Apparently, the last standalone section of the Los Angeles Times Book Review appears this July 27th. (While I’ll be at Comic Con — a place where one can still find books, and hear them talked about.) The Book Review — or, as I’ve been calling it while it existed albeit in a diminished state, The Book Area — was the one section I read every Sunday when I was in town. I also wrote about 10 reviews for it when I was actively freelancing in the mid 1990’s.

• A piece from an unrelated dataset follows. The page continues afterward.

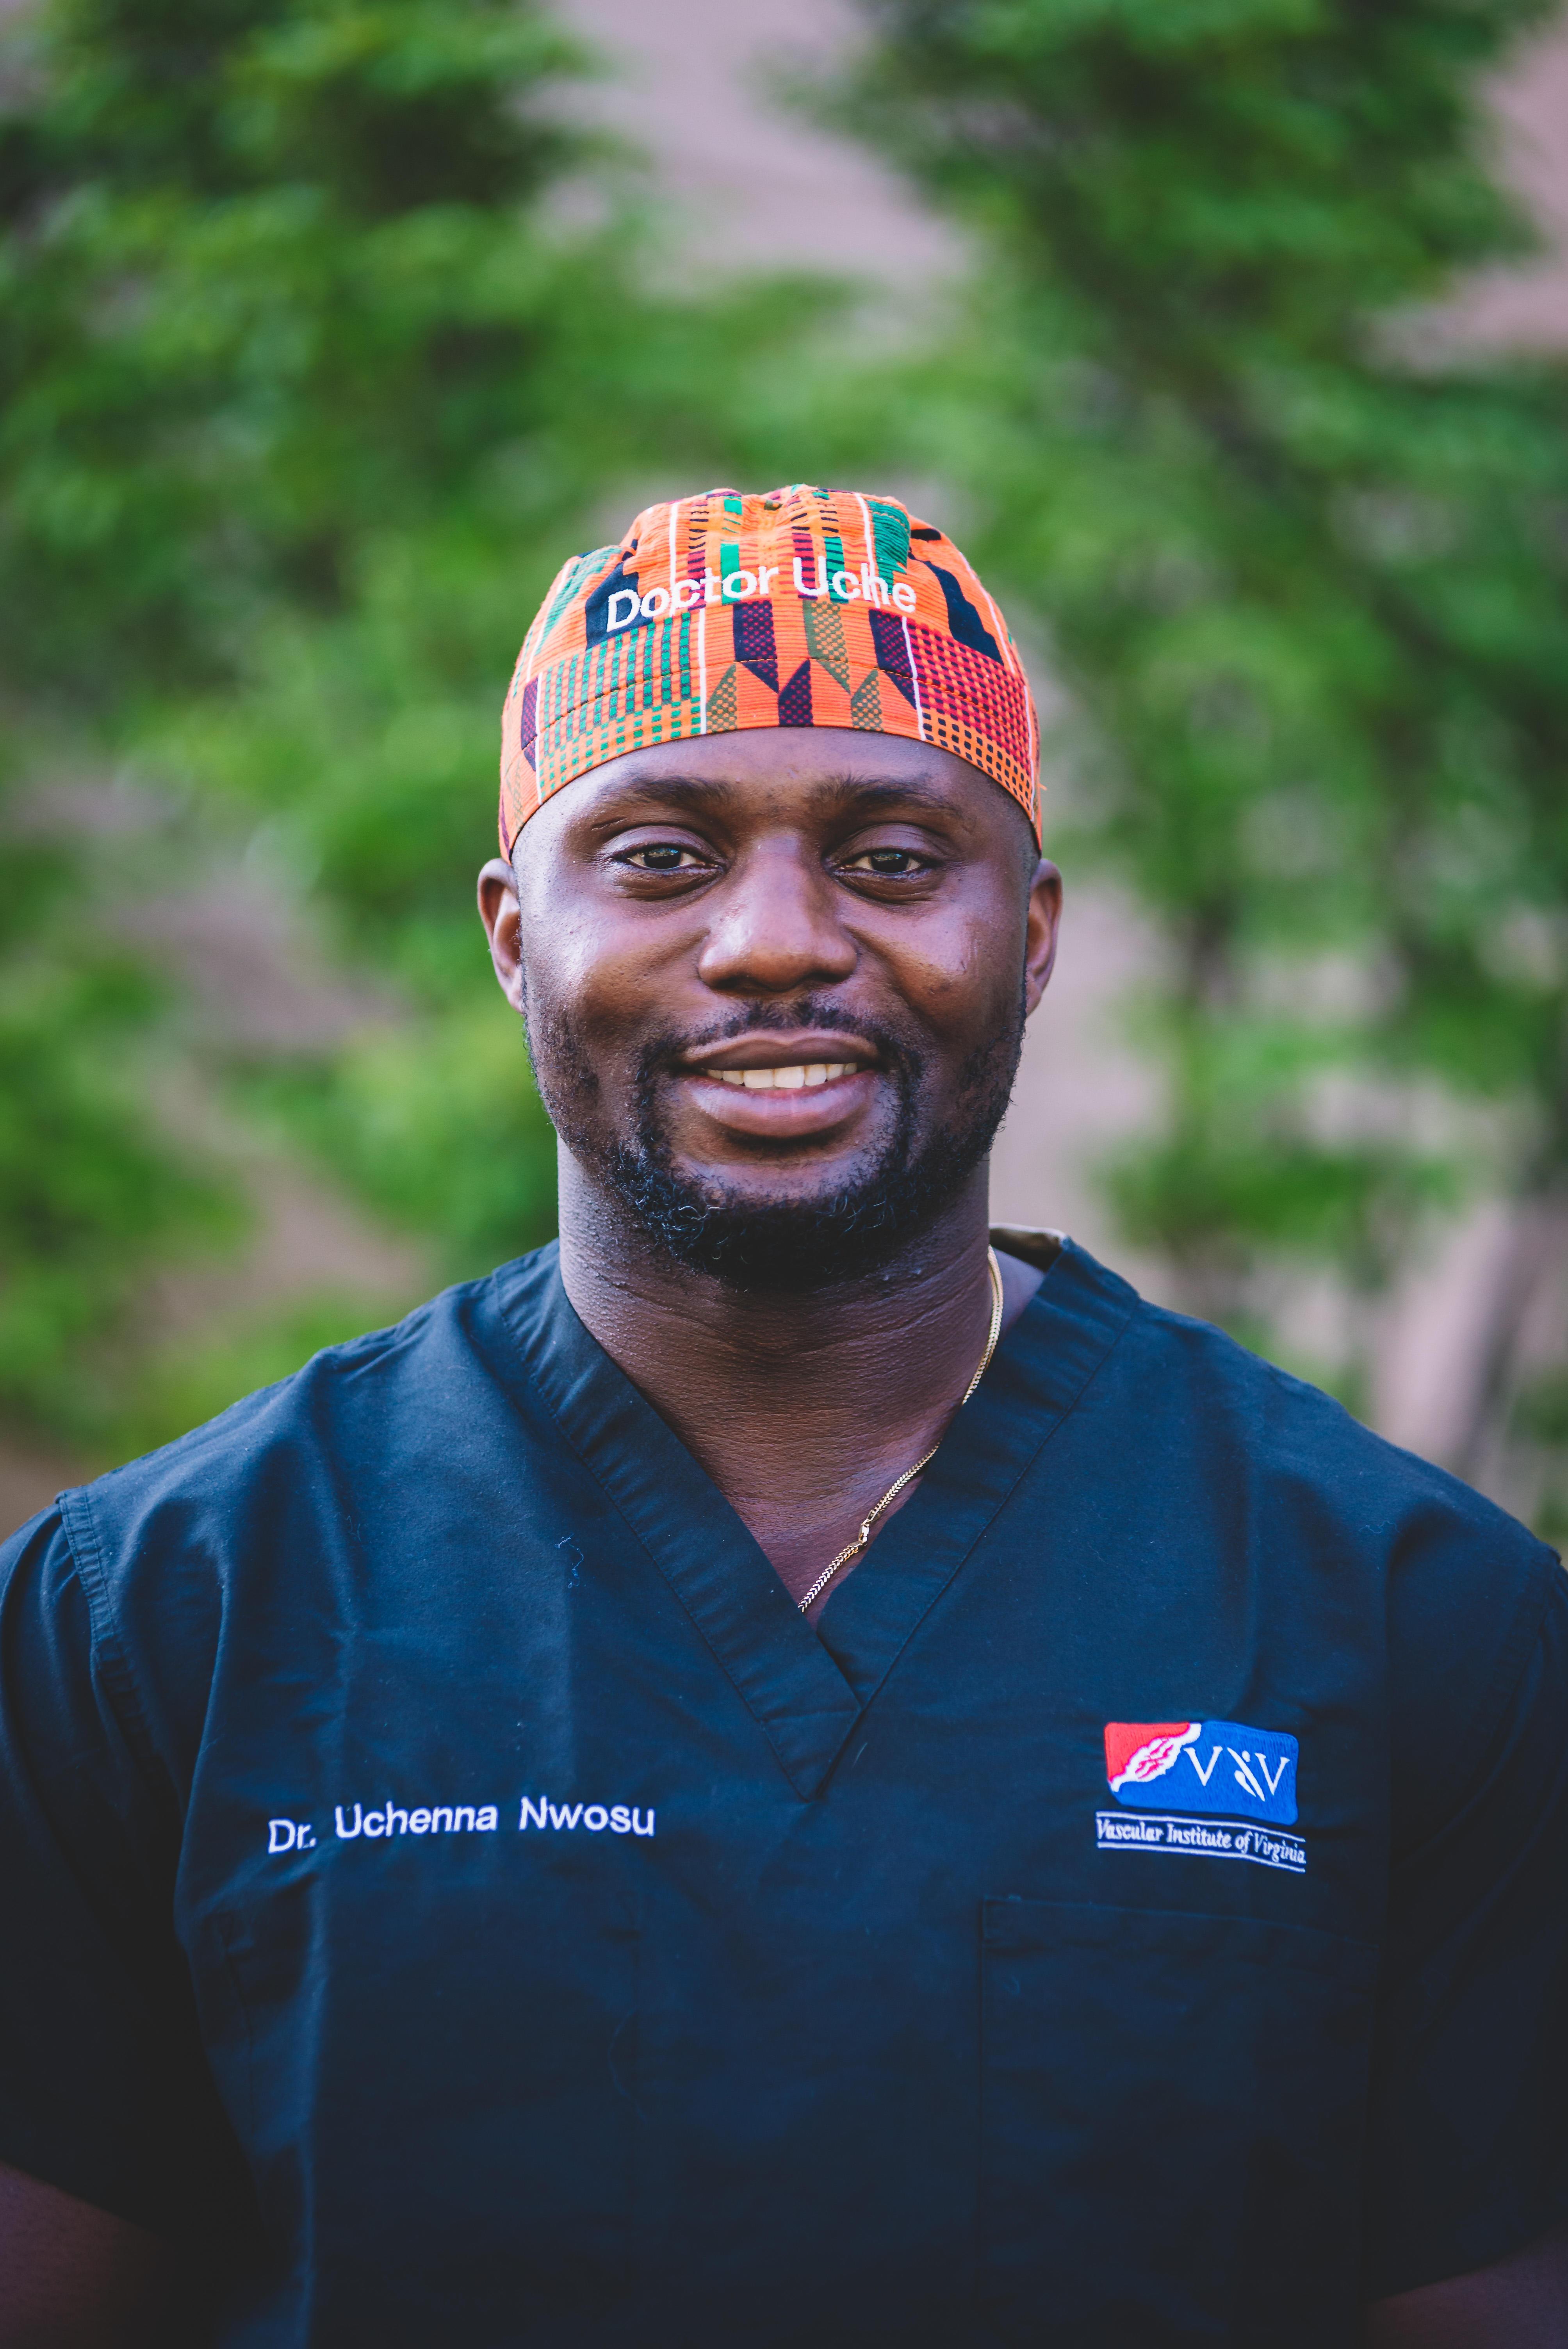 Uchenna Nwosu
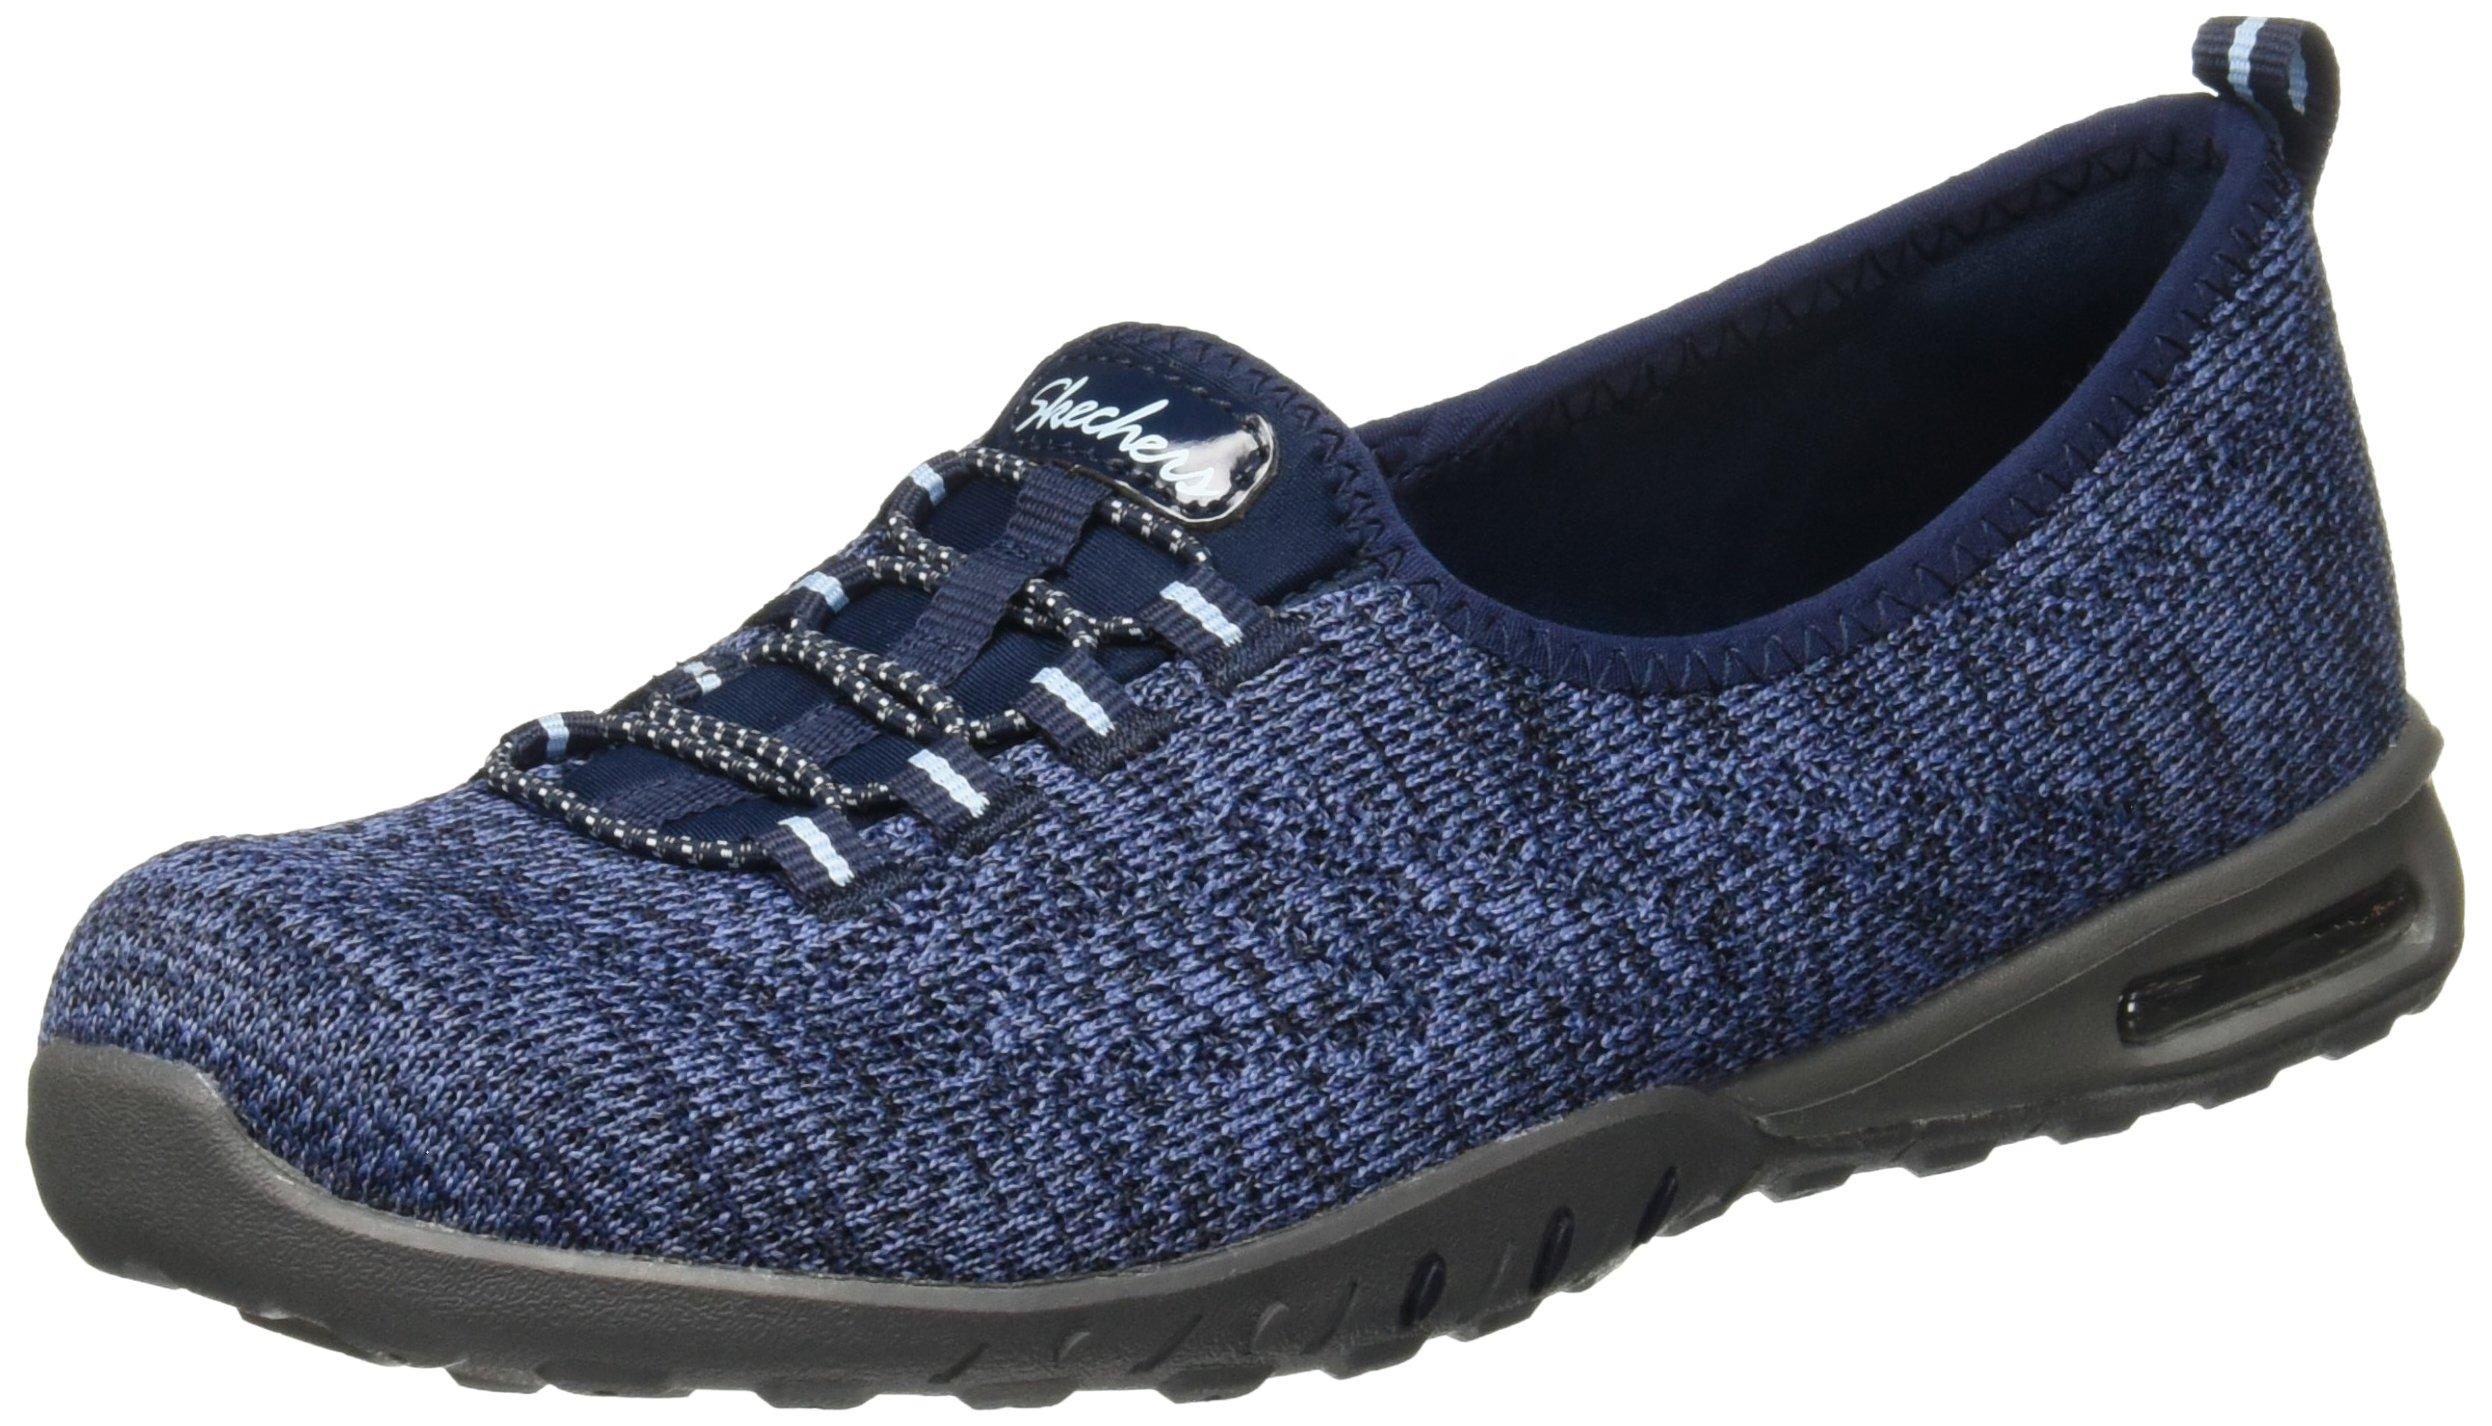 Skechers Relaxed Fit Easy Air In My Dreams Womens Slip On Sneakers Navy 8

Editorial is getting deep cuts. But chin up, says California Editor David Lauter. Here’s an excerpt from his email Friday to the editorial staff:
So, as we move into the weekend, please remember that we’re going to have fewer people, but we’re not going to have lowered standards or baser ambitions. Our readers demand first-rate journalism, our skill and dedication give us the tools to deliver it. And that’s what we’re going to do — now and in the future.
As ever,
David
I believe this is known as “whistling past the graveyard.” It’s beyond me how one doesn’t lower standards, or sacrifice “first-rate journalism” when one suddenly has 150 fewer editorial positions. Let alone no book section.
One could ask, “What should he say?” How about saying, “We can’t continue to operate this way. If they want to have any product at all, the publisher and the owner need to stabilize the newspaper, rather than cut it.” But I guess that’s further evidence of my quaint notion that journalism is about, hey, speaking truth to power. If you’re going down anyway, at least retain your pride.
July 13th, 2008 at 3:35 pm
This is really sad. My family reads the paper every day. My daughter’s favorite section is the Opinion, and my husband reads the Book Section religiously on Sunday (and I do mean that he seems to prefer that to church :-)!). It’s such a shame that there’s no alternative to the LA Times. I suppose that internet sources may step up to the plate someday, but they are not there yet.
July 14th, 2008 at 7:05 am
I’m sure we will still have to suffer with that horrible “Image” section huh? I guess learning to spend hundreds and thousands of dollars on clothes and such, will be way more important than reading Opinions or Books. Which also the Entertainment sections have been bordering on some tabloid like interviews and stories also. Sad to see a major paper pandering to the masses.